3. “Quantas divisões tem o Papa?”, perguntou Estaline ao chefe a diplomacia francesa Pierre Laval, em 1935. Morreu sem saber que o Papa não precisou de divisões para começar a derrubar a Cortina de Ferro. Guterres, que recebe uma força de quase 100 mil Capacetes Azuis espalhados pelo mundo, só os pode utilizar com o consentimento do Conselho de Segurança, ou seja, as suas divisões não são suas. Só pode pôr termo à insuportável tragédia humana da Síria caso consiga um entendimento entre Washington e Moscovo. Com um enorme risco. Se Trump preferir entender-se com Putin e Assad para centrar o combate contra o Daesh, dará a ambos carta-branca para matar. Com a França paralisada, o Reino Unido à deriva, a Itália sem governo e a chanceler alemã já a olhar para as eleições do próximo ano, não poderá contar com grande coisa da Europa. Vai enfrentar uma organização em mudança, em que as grandes potências emergentes pesam cada vez mais, nem sempre no melhor sentido. A China já manifestou a sua crescente ambição, ao dizer que, um dia destes, quer para si o comando dos Capacetes Azuis, para os quais já contribui com tropas e dinheiro. A Rússia sonha com um cenário de divisão europeia e transatlântica para aumentar a sua zona de influência na Europa. As duas potências não democráticas com direito a veto no Conselho de Segurança estão na ofensiva. As democracias ocidentais na defensiva.

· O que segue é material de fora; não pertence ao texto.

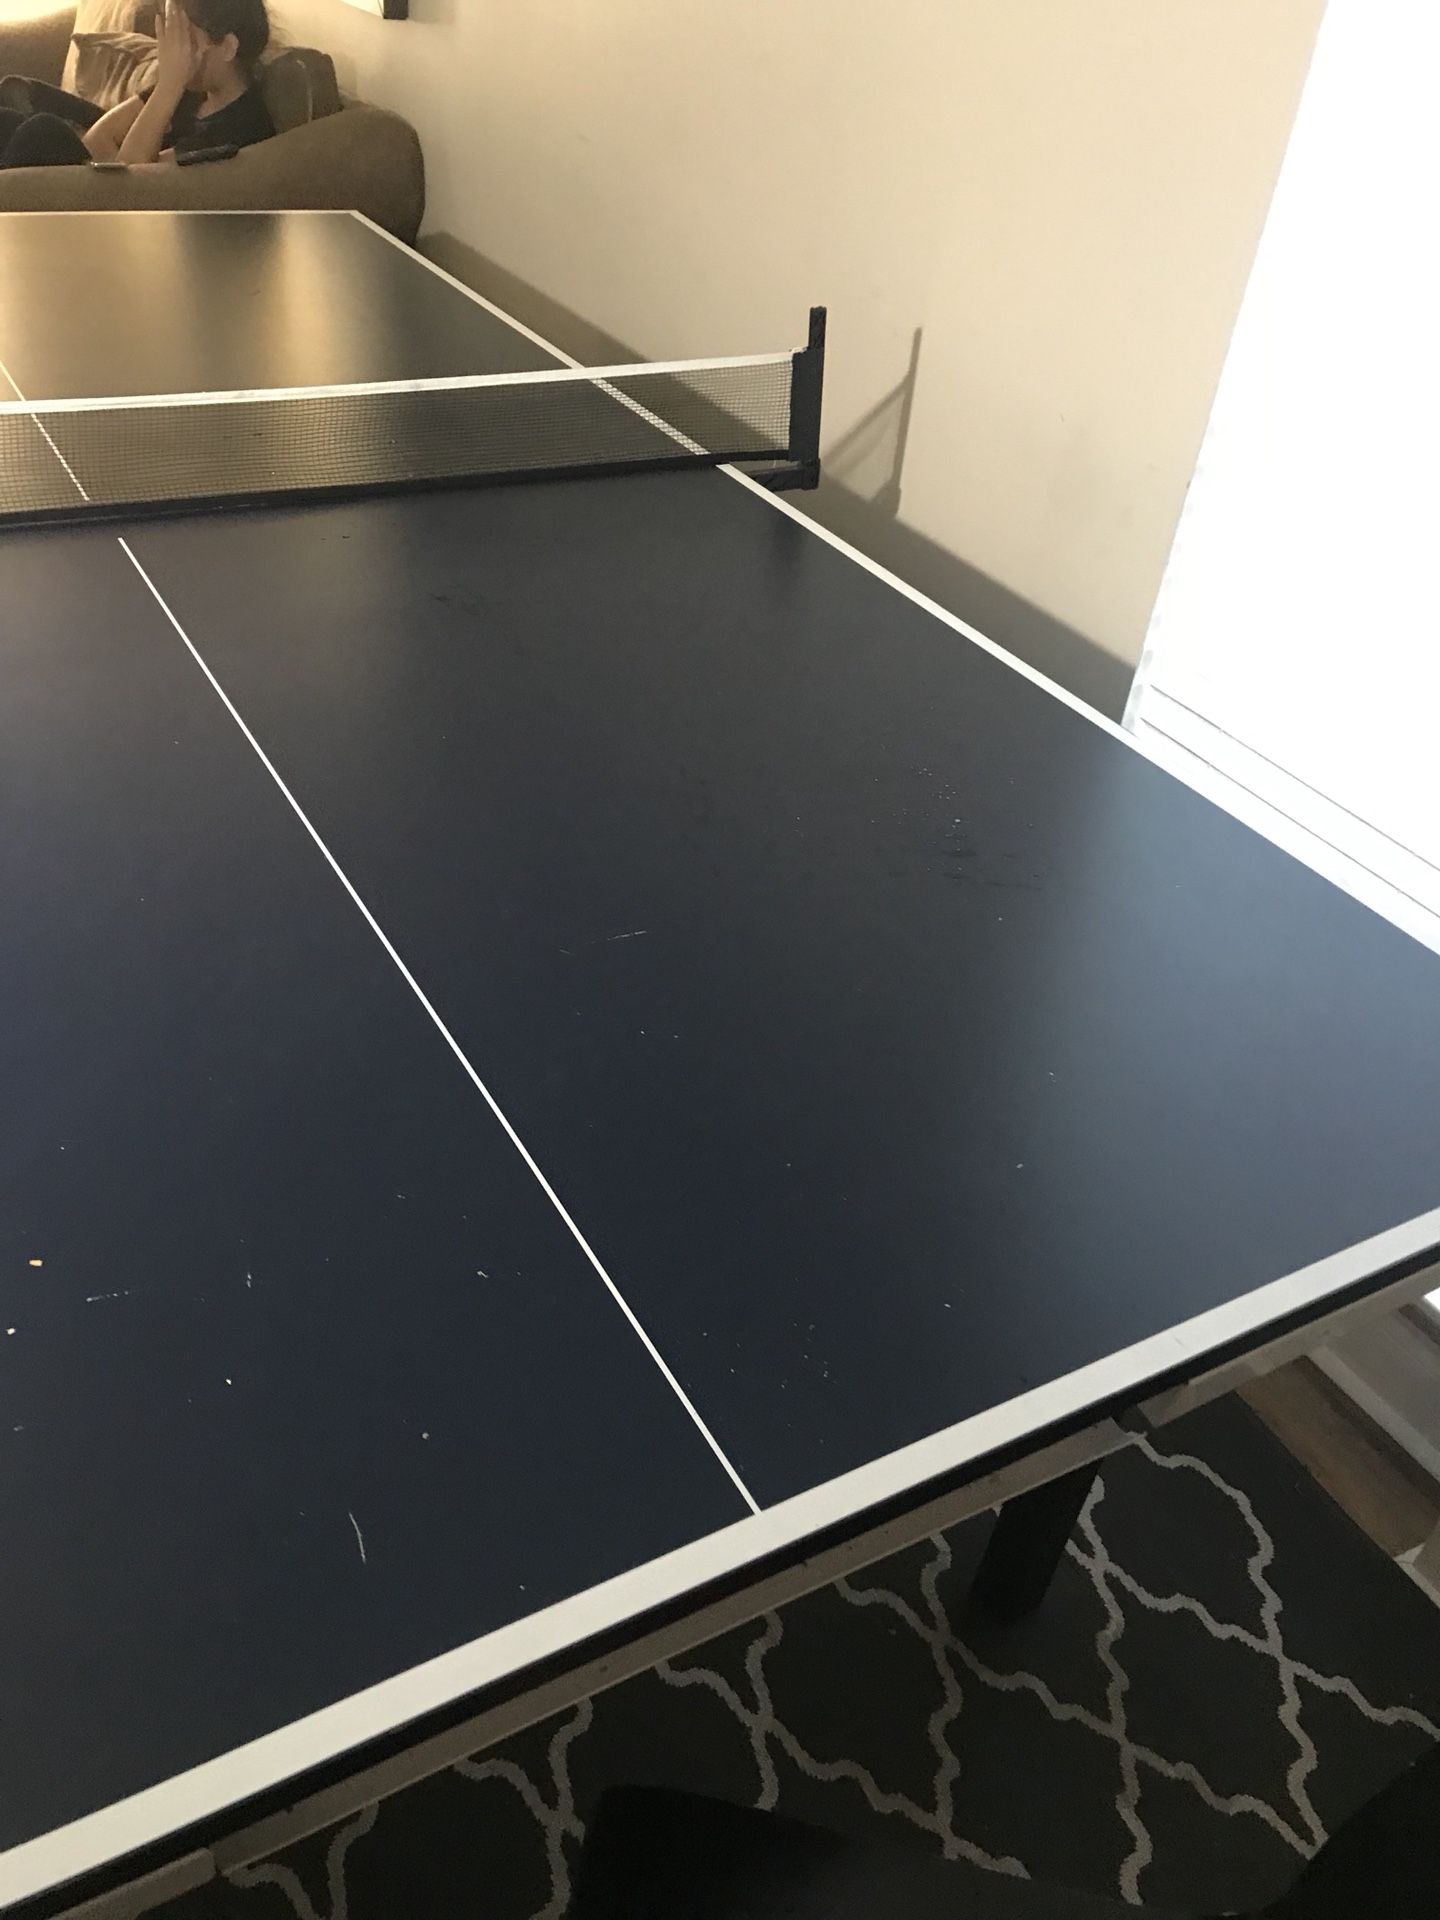 Ping Pong / Table Tennis Table For Sale for Sale in Houston, TX - OfferUp
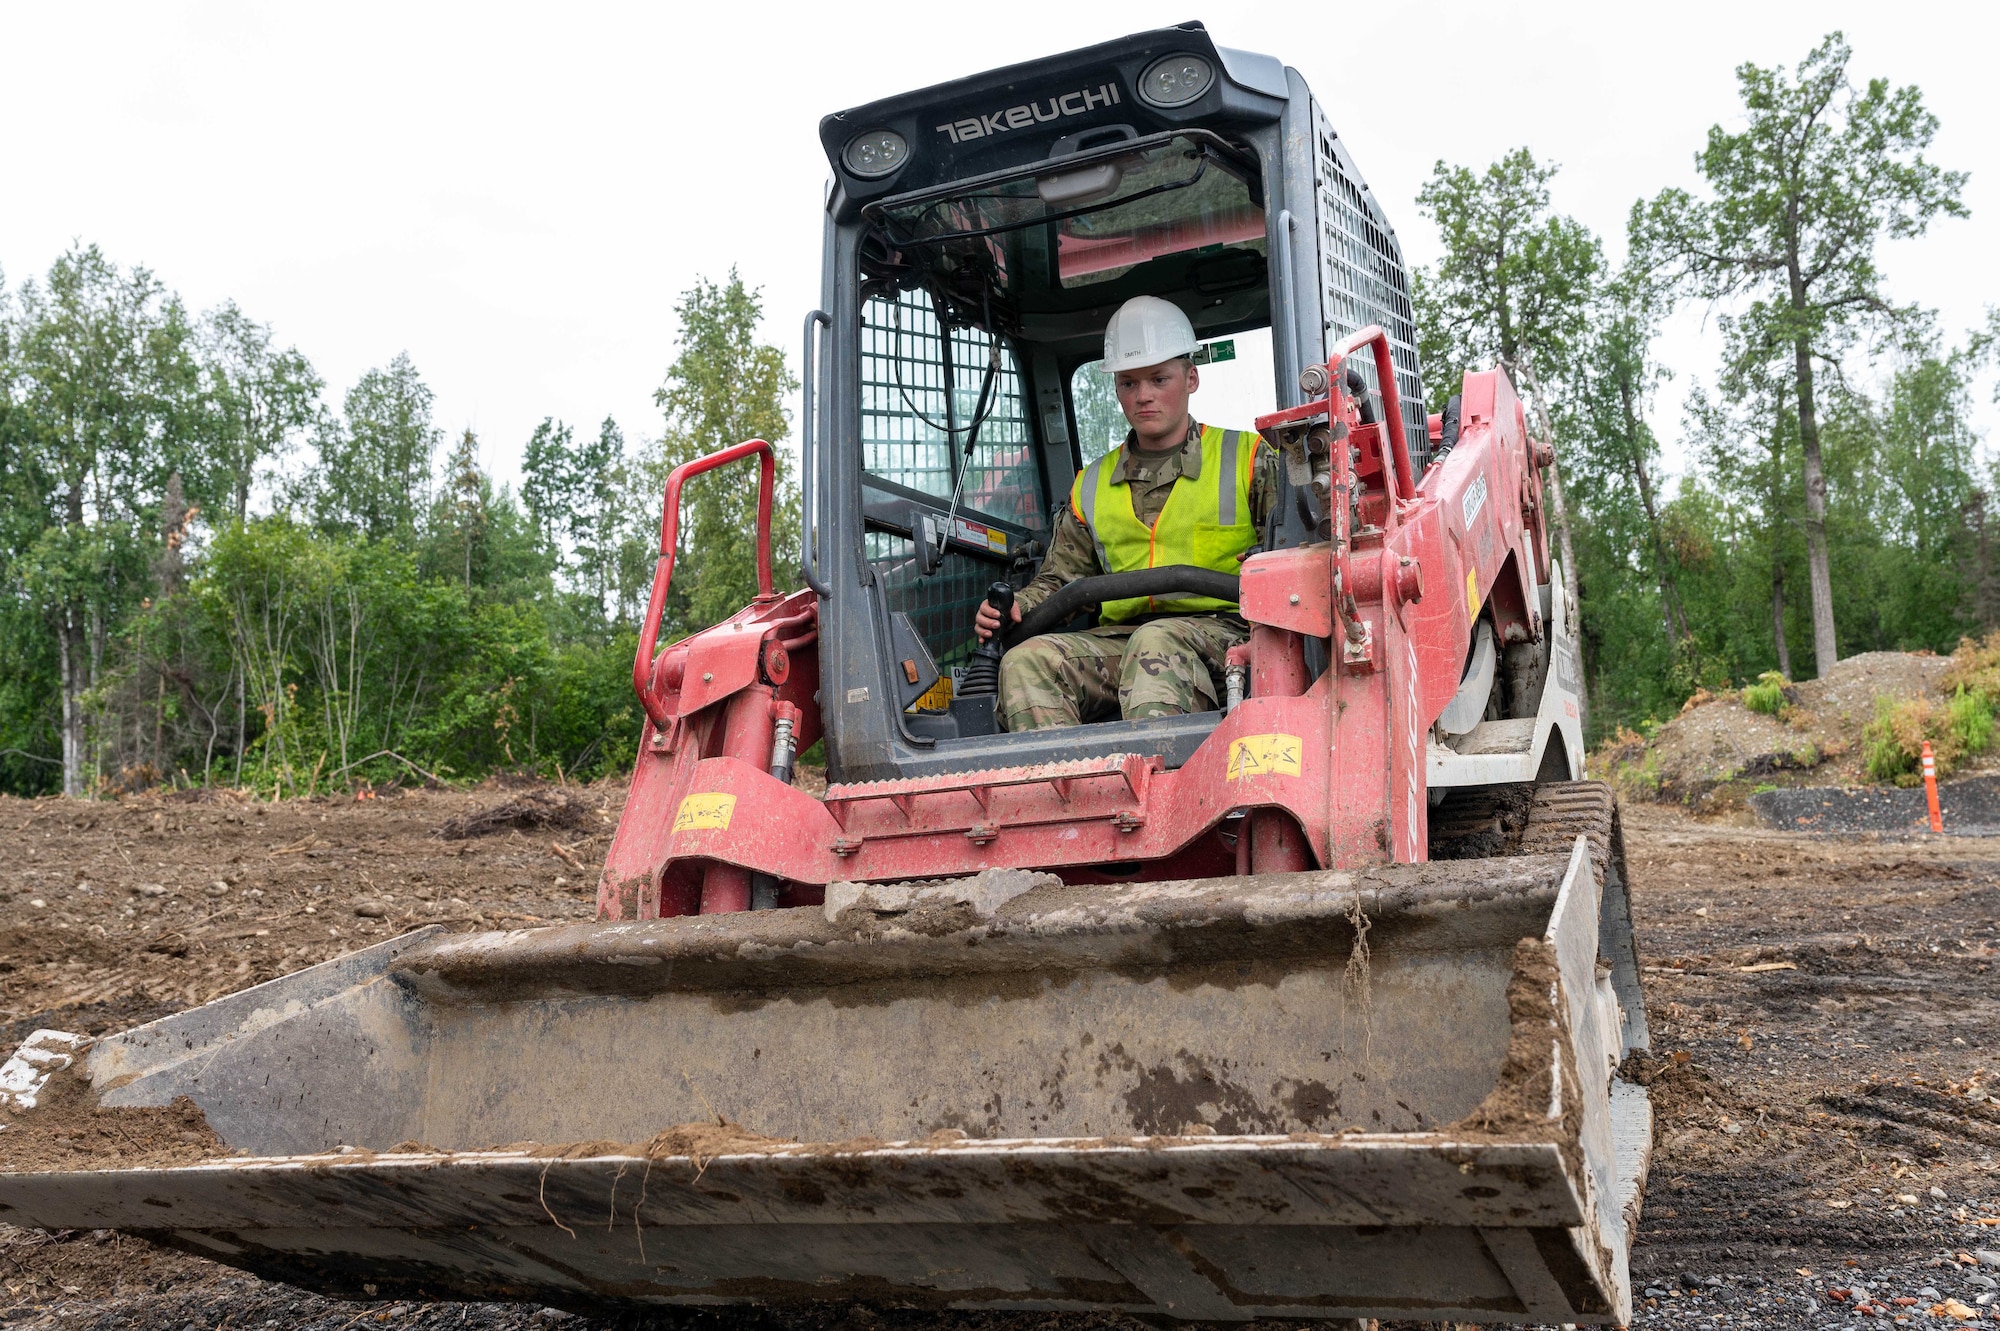 Senior Airman Nathan Smith, 934th Civil Engineer Squadron civil engineering apprentice, operates the skid loader to backfill holes with dirt or cement at Joint Base Elmendorf-Richardson, Alaska, Aug. 9, 2023. (U.S. Air Force photo by Senior Airman Colten Tessness)

4. Guterres acumulou a simpatia de muitos países das várias regiões do globo, que hoje lhe permite não ser visto como uma simples escolha dos poderosos. Afastou-se de uma perspectiva meramente ocidental, muitas vezes arrogante, e tentou fazer a ponte com outras culturas e religiões, para encontrar nelas o mesmo dever de proteger que é comum às democracias. Isso gerou alguma boa vontade a seu favor. Tem uma capacidade de comunicação que lhe poderá servir de muito a partir do seu posto, para que a ONU, na sua missão de preservar a paz, não desapareça perante a vontade das grandes potências. Chega à ONU com uma visão global da desordem que impera no mundo e das suas consequências humanas. E isso é um bom ponto de partida. “Hoje, não vivemos num mundo bipolar, não vivemos num mundo unipolar, mas também não vivemos num mundo multipolar”, disse ao PÚBLICO na mesma entrevista. “Vivemos num mundo relativamente caótico em que as relações de poder deixaram de ser claras”, criando uma situação de imprevisibilidade. A sua missão parece ser “impossível”. A catástrofe síria, citando um diplomata da ONU, “é a pior crise institucional do Conselho de Segurança desde a guerra no Iraque”. Outras missões serão igualmente “impossíveis”, se bem que menos urgentes, como a eternamente adiada reforma do Conselho de Segurança para traduzir a nova realidade internacional. Prometeu que a sua prioridade será a prevenção dos conflitos. Terá que encontrar maneira de diminuir o sofrimento humano nos que já estão a acontecer. Alepo não pode esperar.